In about 1 year there will be the Nehalem CPUs and a new generation of video cards (r700/g100) which will finally be serious "8800GTX killers".
This next generation will have completely different sockets, motherboards, slots, RAM, etc. So you will need new everything anyway. Keep your good PSU for the next few years.


Will Nehelem have the Intel equivalent of Hyper Transport? For some reason, I'd thought that would be Wolfdale. I hate the way Intel pulls these voltage changes that force motherboard upgrades, but that's off topic.

I expect the killer combination will be dual core R770GPU's in Crossfire mode, or CrossfireX depending on whether they're single or dual slotted. At any rate, fast cards always get slow years down the line. I still have my AIW Radeon 9800 Pro and it was a good gaming card as well as better than the TV Wonders for video.

Heck, even that Cyrix 486DLC and Trident VGA card I found in the closet last year were great for it's day. It ran TES: Arena really well!


February 3, 2008 6:45:40 AM

I just bought an Evga 8800gt, but my price range was alot lower than yours. Also, Dragon is right about the whole crossfire thing. If I were you I'd go with the ATI 3870 x2
February 3, 2008 11:59:37 AM

Sorry I've been away. Thank you for all the replies and advice. The one poster, "babybudha" wanted to know what resolution I game at. I have my monitor set at 1024 X 768. My monitor is a 19-inch Sony LCD.
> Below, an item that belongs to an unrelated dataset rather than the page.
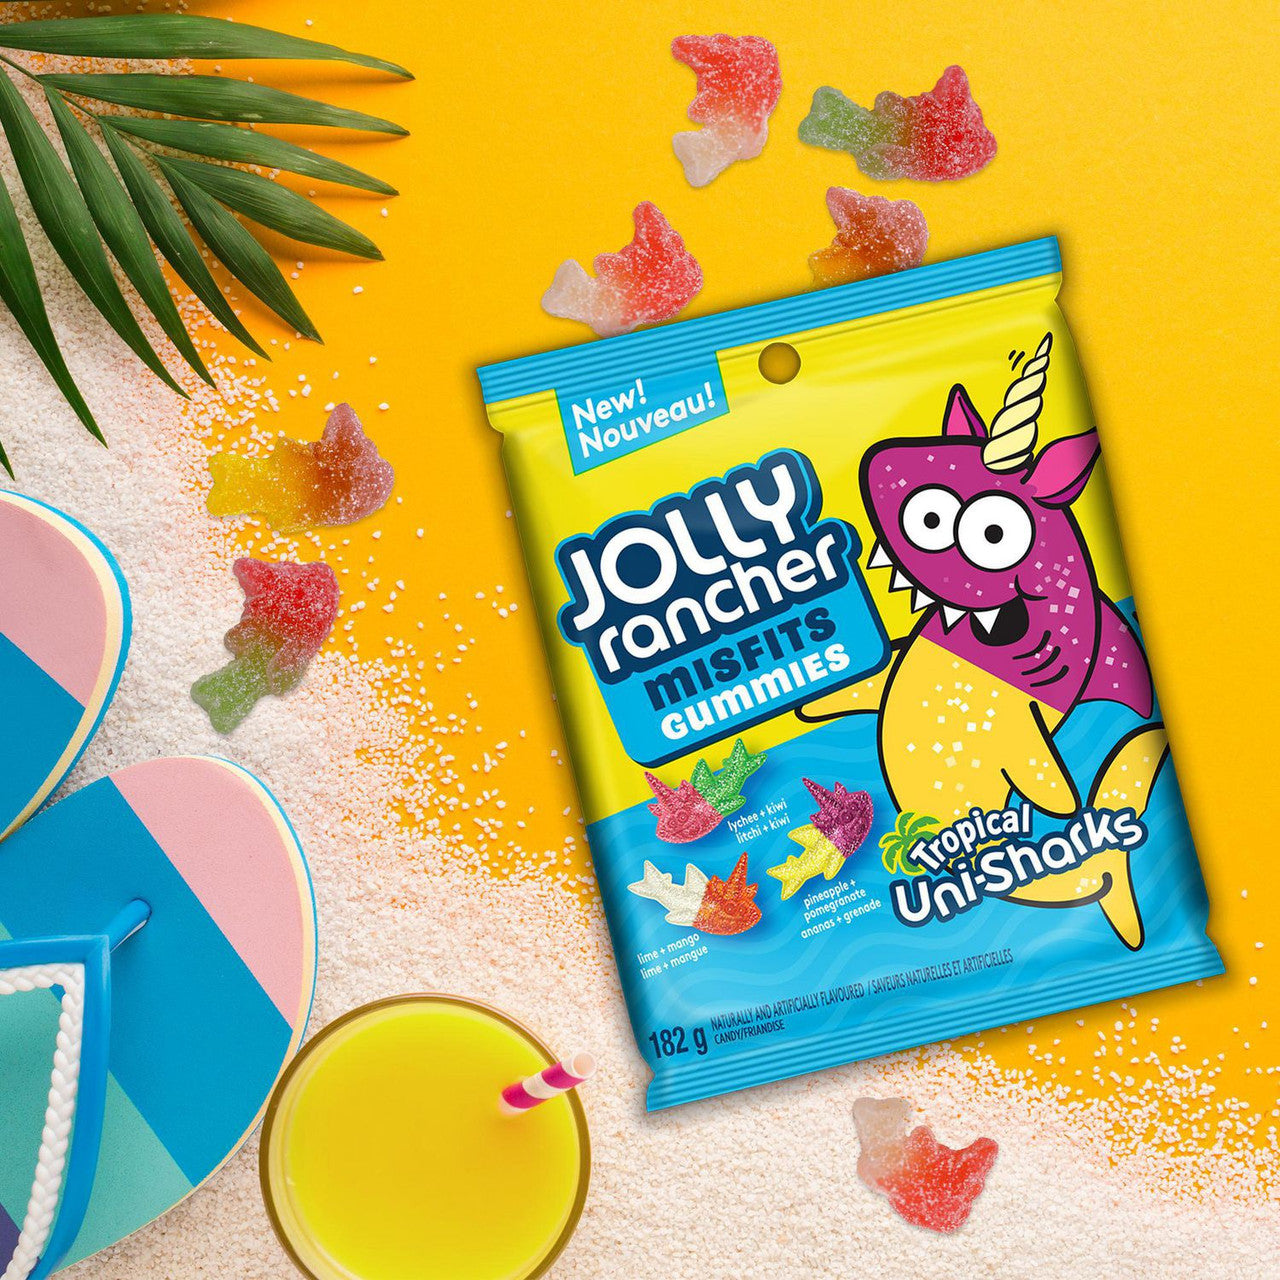 Jolly Rancher Misfits Tropical Uni,Sharks Gummy Candy, 182g/6.4 oz. Bag {Imported from Canada}

One item no one has addressed. What about the warranty issue? Is it only EVGA willing to back up its products with a limited lifetime warranty? I can go either way. Is there an ATI board manufacturer who offers the same warranty? I've looked around and haven't found one. Is that issue that important or should I disregard? Thanks again everyone. I appreciate the help and suggestions.
a c 175 U Graphics card
a b Î Nvidia
February 3, 2008 12:14:49 PM

Fan speed control issues may lead me to sell my 3850 and 3870 cards and go [back] to nVidia. We'll see, I may keep one of them for a HTPC.
February 3, 2008 12:31:52 PM

There is no better card.
Each has a strong point and weak points.

Go with the best one you can reasonably afford and you'll be happy either way.
a b U Graphics card
February 3, 2008 12:47:17 PM

GinoS said:
Sorry I've been away. Thank you for all the replies and advice. The one poster, "babybudha" wanted to know what resolution I game at. I have my monitor set at 1024 X 768. My monitor is a 19-inch Sony LCD.

One item no one has addressed. What about the warranty issue? Is it only EVGA willing to back up its products with a limited lifetime warranty? I can go either way. Is there an ATI board manufacturer who offers the same warranty? I've looked around and haven't found one. Is that issue that important or should I disregard? Thanks again everyone. I appreciate the help and suggestions.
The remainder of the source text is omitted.